**WORK REQUIRED**
The listing below should be written out word for word, with its pictures removed.

==== THE DATA ====

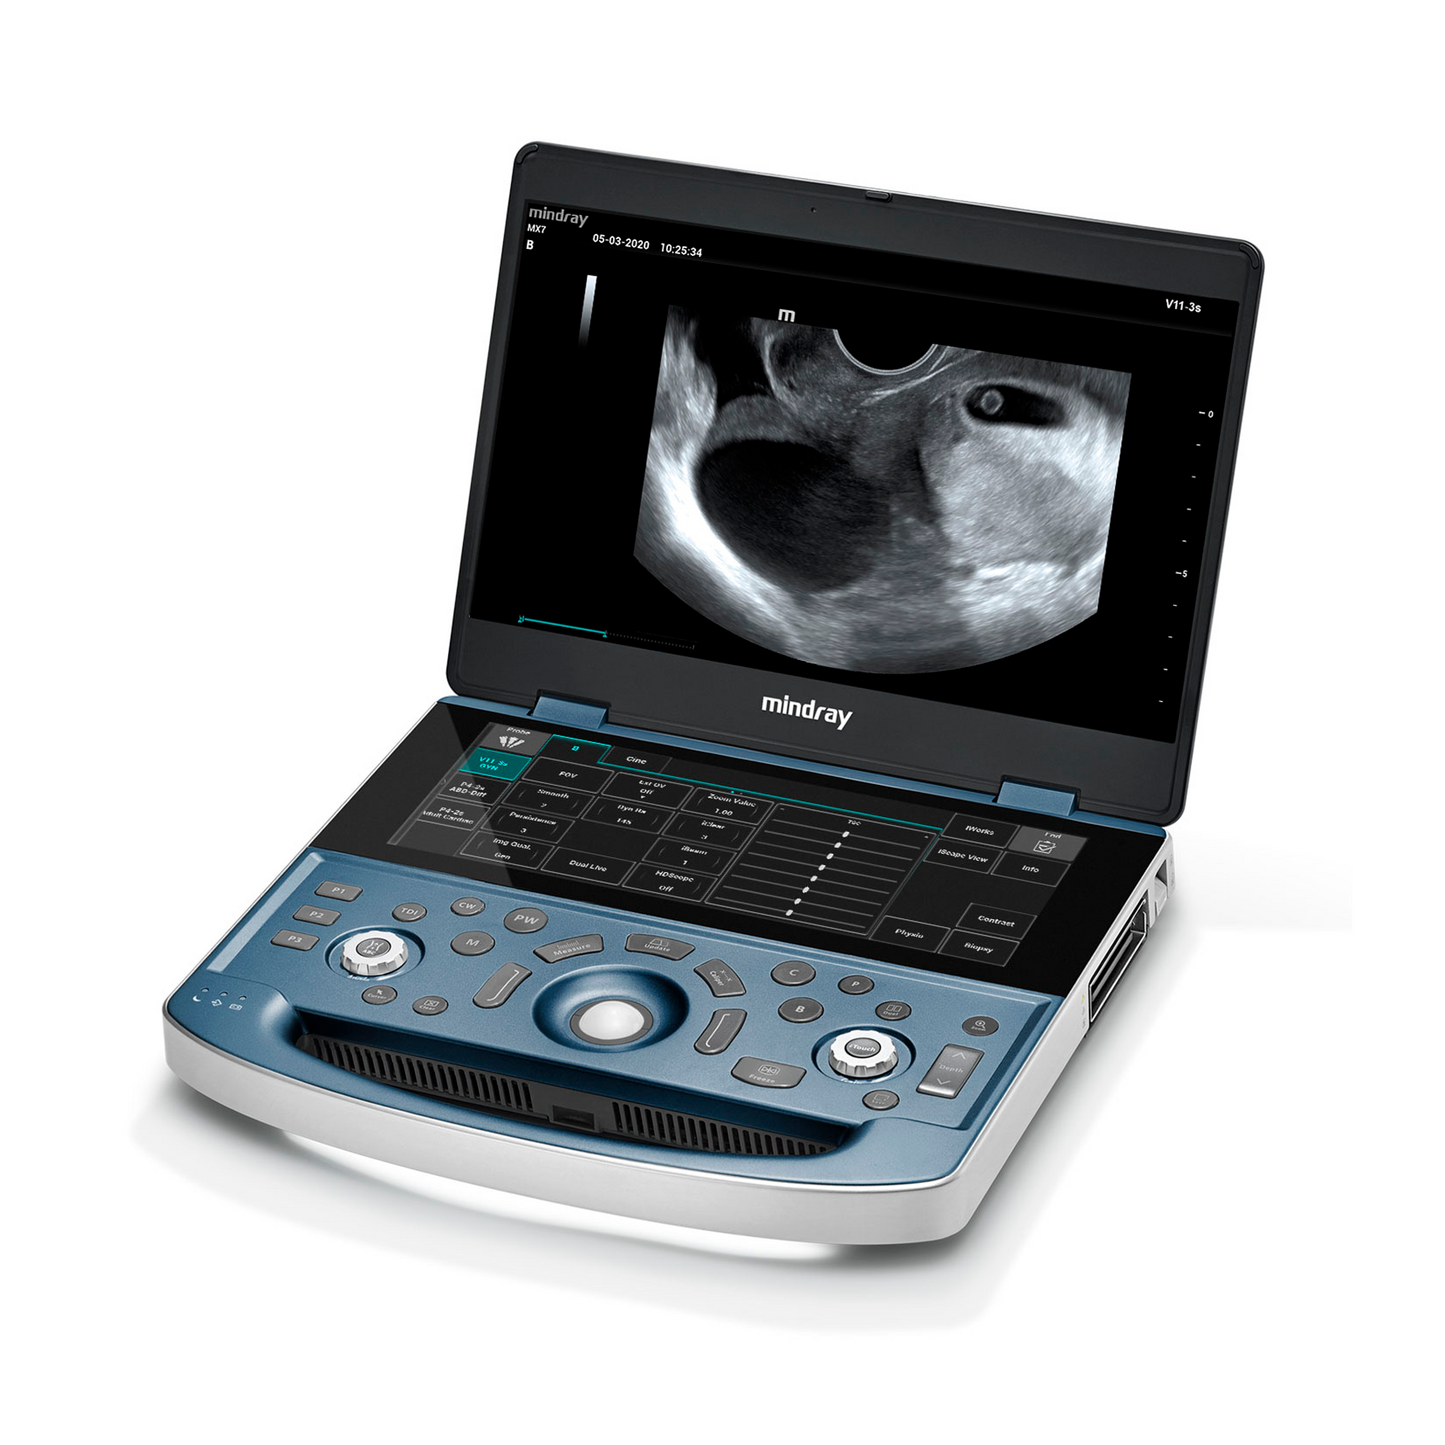 equipo médico portátil con una excelente calidad de diseño e imagen. 
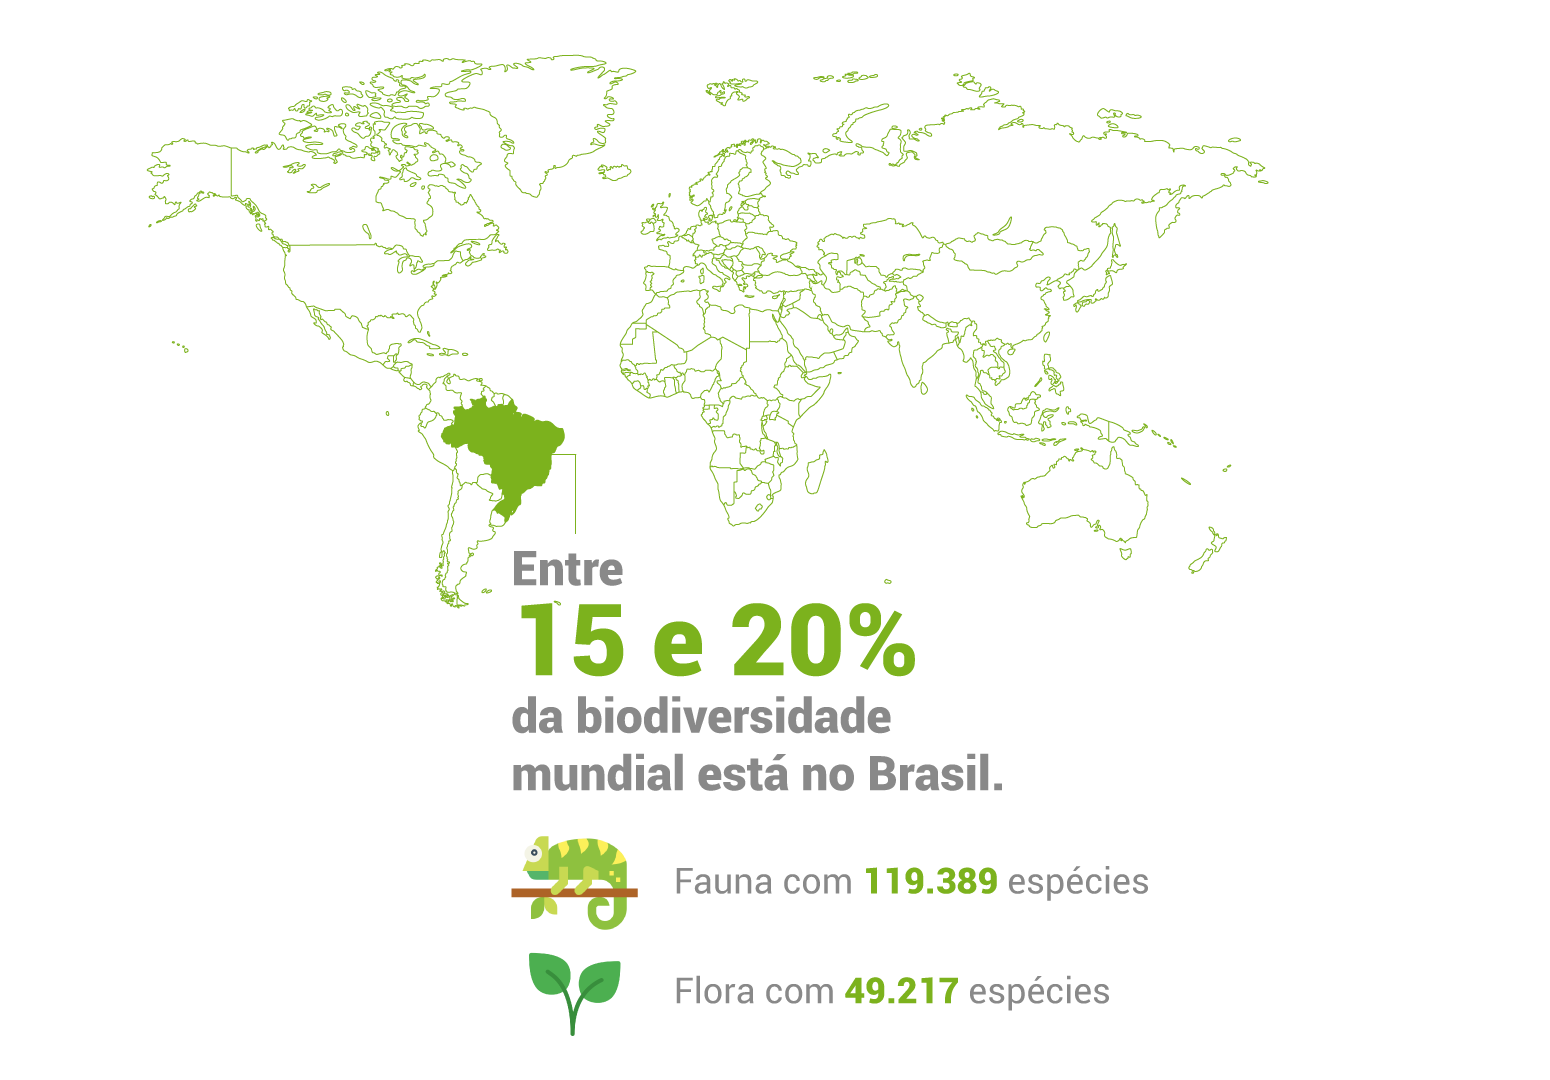 Entre 15 e 20% da diversidade biológica mundial está no Brasil
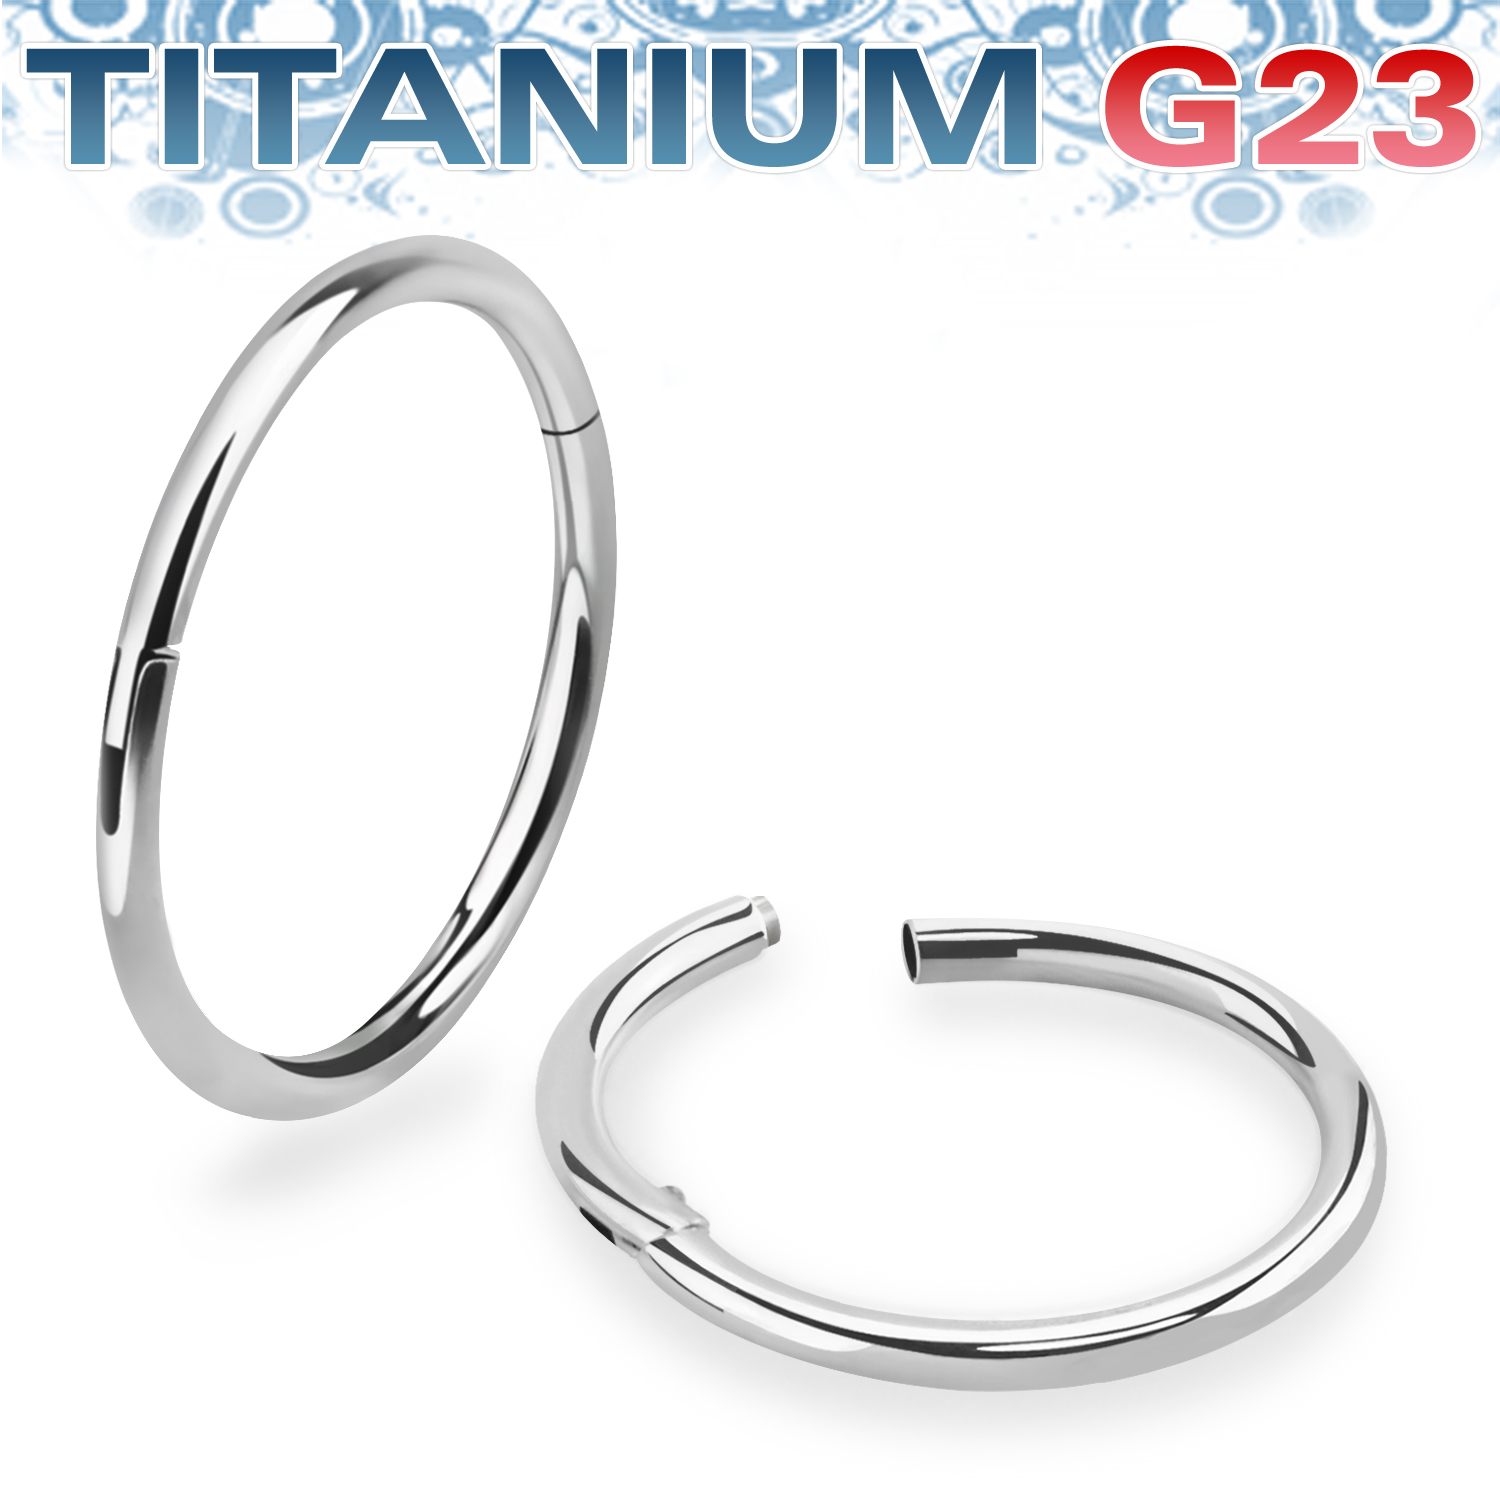 Segmentring 0.8mm i titanium med gångjärn

====

**RESPONSE TO THIS TASK**
 equipo médico portátil con una excelente calidad de diseño e imagen. 
 Entre 15 e 20% da diversidade biológica mundial está no Brasil
 Segmentring 0.8mm i titanium med gångjärn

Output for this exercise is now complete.